Pinnacles National Park: At Camp, Part Two

Tule Bluet Damselfly

After our long morning hike on Saturday (June 1), we were back at our campsite by early afternoon. We lunched on tortillas filled with peanut butter and potato chips. We were considering an evening walk, but for the afternoon, we decided it was time to relax in the campground, particularly since it was so hot.  (We’d learn later that it hit 104 degrees in the park that afternoon.)

A fair amount of wildlife visited us, dragonflies and damselflies, birds, jackrabbits, butterflies. I managed to capture images of some of them.

Wilson’s Warbler

We walked up to the visitor center and campground store. I hoped to charge my camera’s battery somewhere. A ranger said I was welcome to plug it into an outlet on the back of the building where there were some tables and chairs overlooking the pool. We bought some beers and went around back to sit and wait for the battery to charge.

The campground was quite kid friendly, particularly in that it had a pool. Originally, the campground was not within the park boundaries, but as the monument expanded, it enveloped the campground, which is run by an NPS concessionaire.

Image: Sean M. Santos
Tiger Swallowtail

Back at our campsite, we relaxed in the shade, reading and listening to birdsong and the slow gurgle of Sandy Creek below.

Sandy Creek

Since we were tired and had been drinking, we decided to save a hike along South Wilderness Trail for the morning. We had an early dinner in camp with a bottle of wine we’d purchased at the campground store.


We attended that evening’s ranger talk, “Butterfly Dreams.” It was given by Ranger Paul Johnson, the lead biologist at Pinnacles National Park. It was a talk he’d been giving for about a decade, but usually only once or twice a year. The following day was the annual butterfly count, hence his giving this talk.

Ranger Paul, who is responsible for all the wildlife in the park except for the condors, was extremely knowledgeable. He also brought his own projector so that the images he presented would be as true-to-life as possible. All of the dozens of images of butterflies in his presentation, save two, were captured at Pinnacles National Park. Often he would share the exact location of the image.

He led us through the general life cycle of butterflies, the flowers and plants they feed on, the differences between butterflies and moths, habitat and distribution within the park and the general region, and regional threats to butterflies. It was a very fine interpretive talk, easily on par with the exceptional interpretive talks by geologist Justin Olsen and naturalist Candy Peterson at Isle Royale.

A really good naturalist talk is like great theater. It leaves you with a feeling of having witnessed something special with a small group of lucky others, tied to a particular time and place.


Back at our campsite, we took a few moments to look at the stars before it was time for bed.
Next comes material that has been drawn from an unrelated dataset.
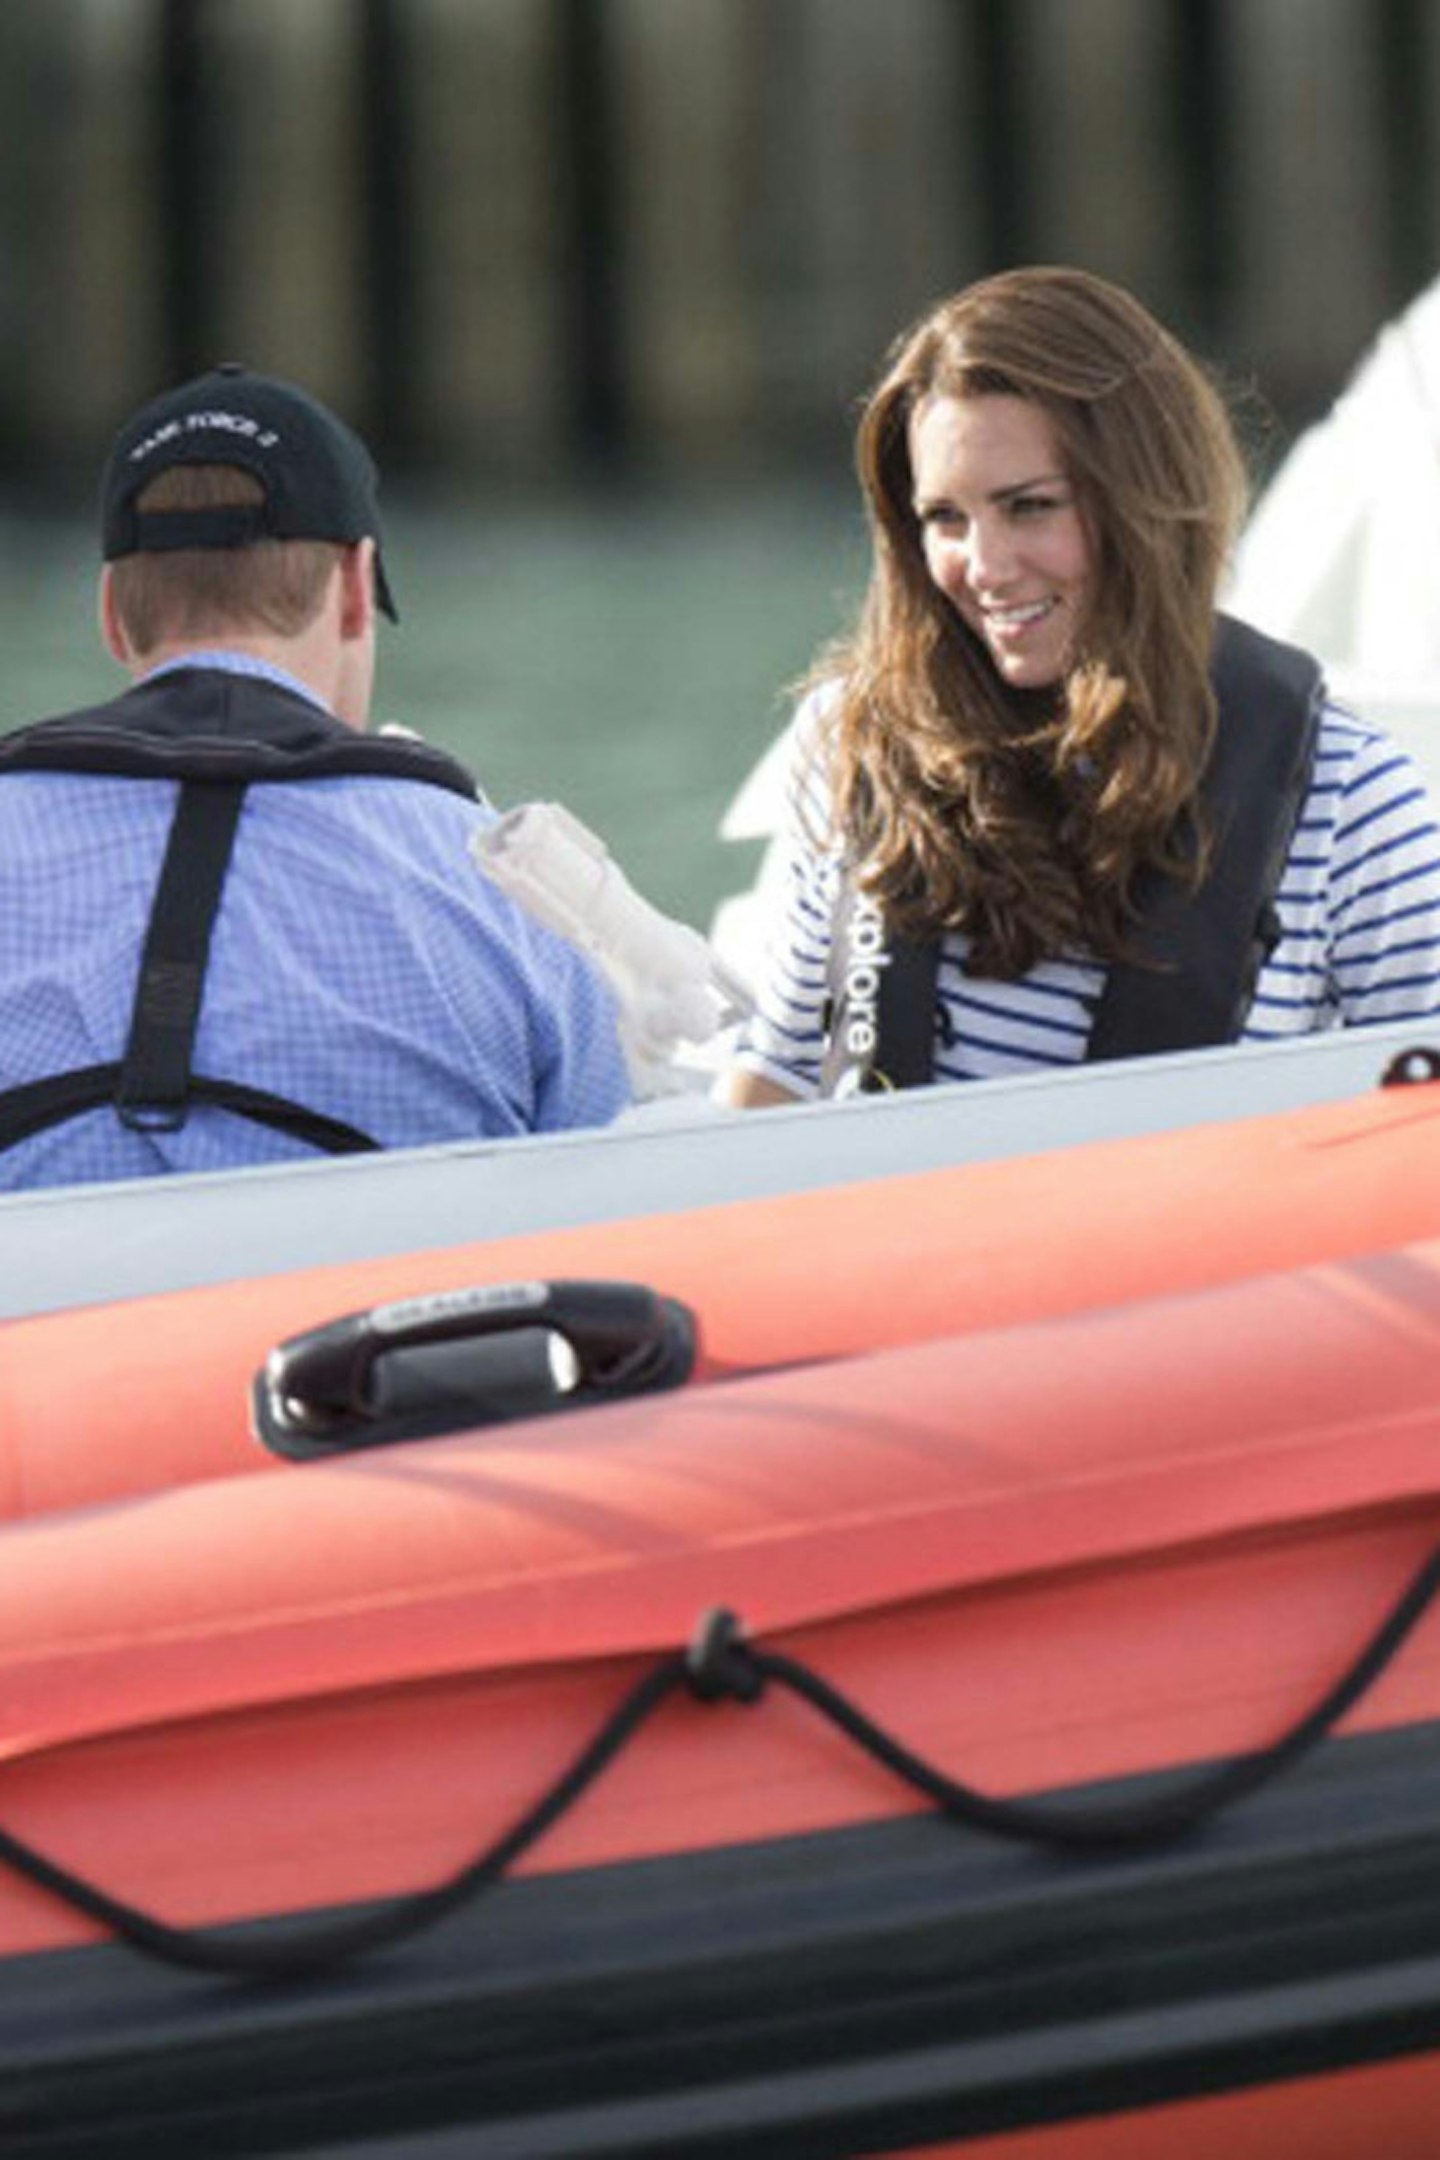 56-55. The royal couple go sailing in Auckland, New Zealand in April 2014

Just outside the men’s toilet, a camper noticed a bat clinging to the overhang near the door. He pointed it out to me and a few others, thinking that it might be a Townsend’s Big-Eared Bat. (Bear Gulch Cave at the park was currently closed because this particular species of threatened bat uses it for breeding.)

After researching later, I am certain that it was not a Townsend’s but a Pallid Bat. Either way, it was quite handsome. I ran and got my camera and was able to capture a few images of it using my headlamp for illumination.

Pallid Bat

Soon Sean and I were asleep, but we both awakened pre-dawn due to the howling of coyotes. It was so great to lie snug in my sleeping bag listening to them carrying on while the world slowly lightened around us.


I rose early to begin coffee and breakfast. We wanted to get in a hike on South Wilderness Trail before we had to pack up and start driving to San Jose International. In trying to be as quiet as possible, I managed to set the car alarm off momentarily. Blerg.

Soon we’d breakfasted and were ready for our final hike at Pinnacles.